Rocks called Type III Byram gneiss by Hague and others (1956), are here named Lake Hopatcong Intrusive Suite. Occurs throughout the NJ Highlands in large sheets emplaced in the Grenville Orogeny similar to quartz syenites in the Adirondacks in NY. Consists of medium to medium coarse grained, buff to greenish-gray, gneissoid to indistinctly foliated, quartz-poor, granitic rock characterized by clinopyroxene and mesoperthite or microantiperthite. Contains titanite and trace amounts of sulfide. Relation to the Byram Intrusive Suite is not known. They differ in chemistry, mineralogy, and petrography, and are clearly two entities.
Source: GNU records (USGS DDS-6; Reston GNULEX).
Rocks of the Lake Hopatcong Intrusive Suite are found throughout the Highlands, but primarily west of the Green Pond Mountain region. They are most abundant in the Wawayanda, Franklin, Dover, Stanhope, Hackettstown, and High Bridge quads. Consist mainly of granite, quartz syenite, syenite, and alaskite. Recent geochemical work suggests that the Byram and Hopatcong Suites do not actually define two distinct and separate intrusive suites as originally suggested. Author interprets the Byram and Lake Hopatcong rocks to be cogenetic and comagmatic. Principal differences between them are in the mineralogy and the slightly more evolved composition of the Byram.
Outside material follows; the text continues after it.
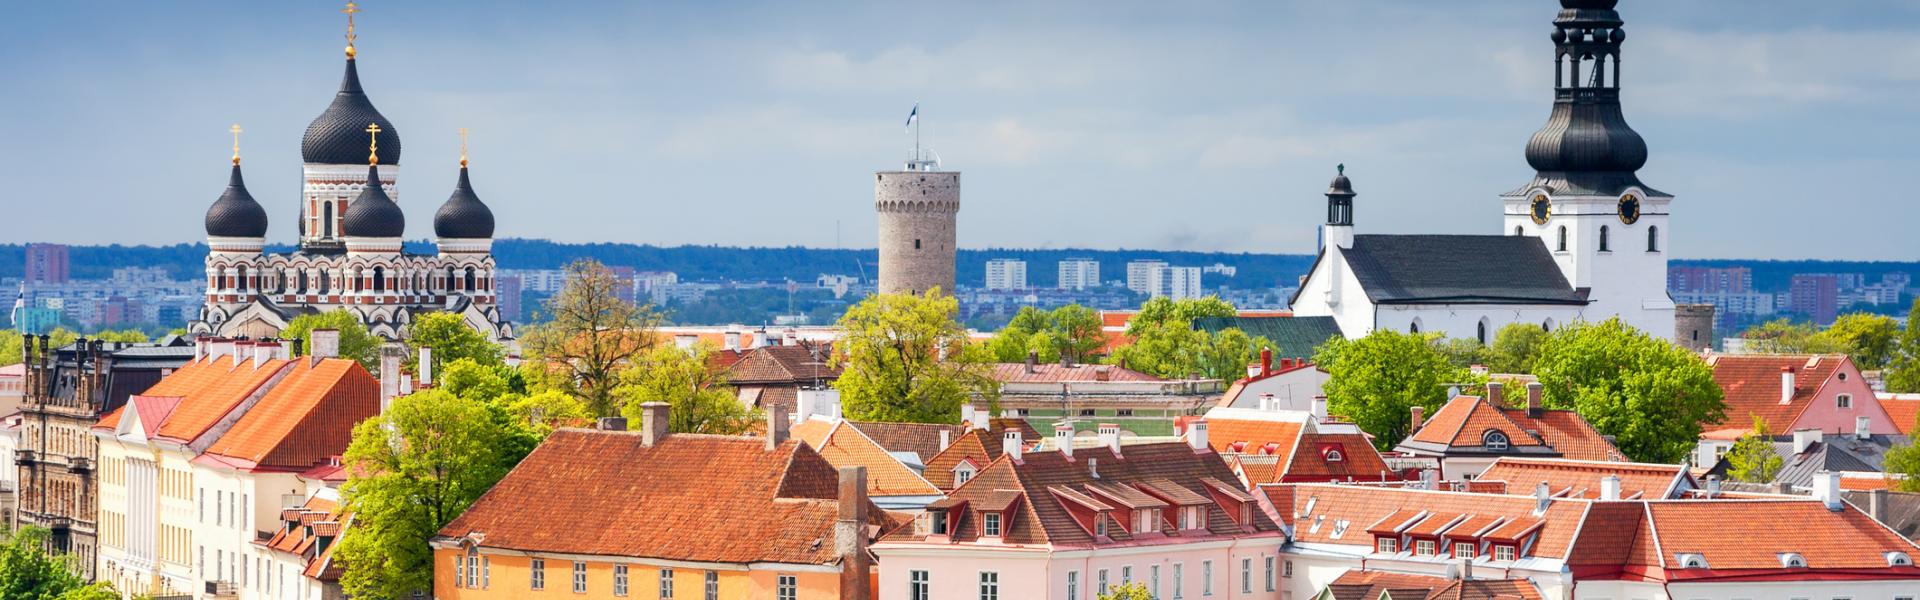 Holiday lettings & accommodation in Tallinn - HomeToGo
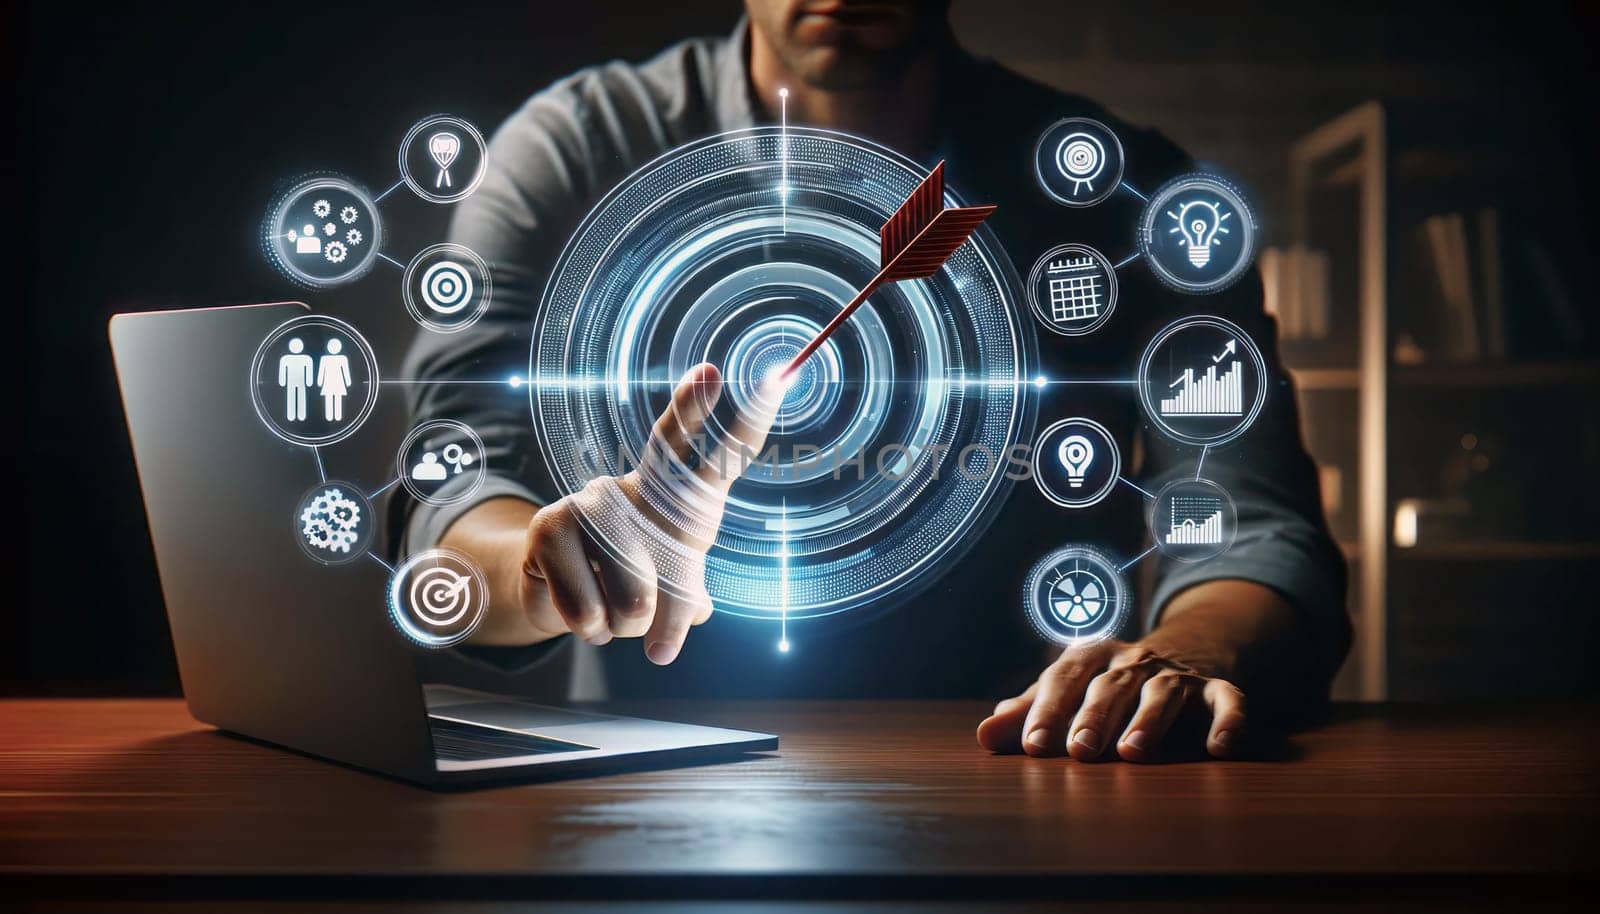 A digital marketing concept image. A person is in a dimly lit office environment, interacting with a translucent, futuristic touchscreen floating above a laptop. The primary focus is a large target icon with a red arrow hitting the bullseye, symbolizing goal achievement. Surrounding this main icon are smaller, neatly arranged icons representing team collaboration, analytics, partnership handshake, calendar scheduling, growth chart, and a light bulb for ideas. The icons glow in white and blue against the dark background. The person's attire is casual, and their finger is touching the target icon, suggesting interactivity and achievement in a business context.

The Lake Hopatcong rocks formed under relatively anhydrous conditions, which favored development of clinopyroxene and suppressed the formation of pegmatites, more common in the Byram.
Source: GNU records (USGS DDS-6; Reston GNULEX).
Middle Proterozoic Lake Hopatcong and Byram Intrusive Suites assigned to Vernon Supersuite (new), named for Vernon Township, Sussex Co., northern NJ. Byram consists of hornblende granite, microperthite alaskite, hornblende quartz syenite, syenite, hornblende granite, hornblende monzonite, and quartz monzonite. Lake Hopatcong rocks include granite, quartz monzonite, monzonite, granodiorite, and quartz monzogranodiorite. Byram and Hopatcong are cogenetic and comagmatic, an interpretation supported by field relationships and geochemical relationships.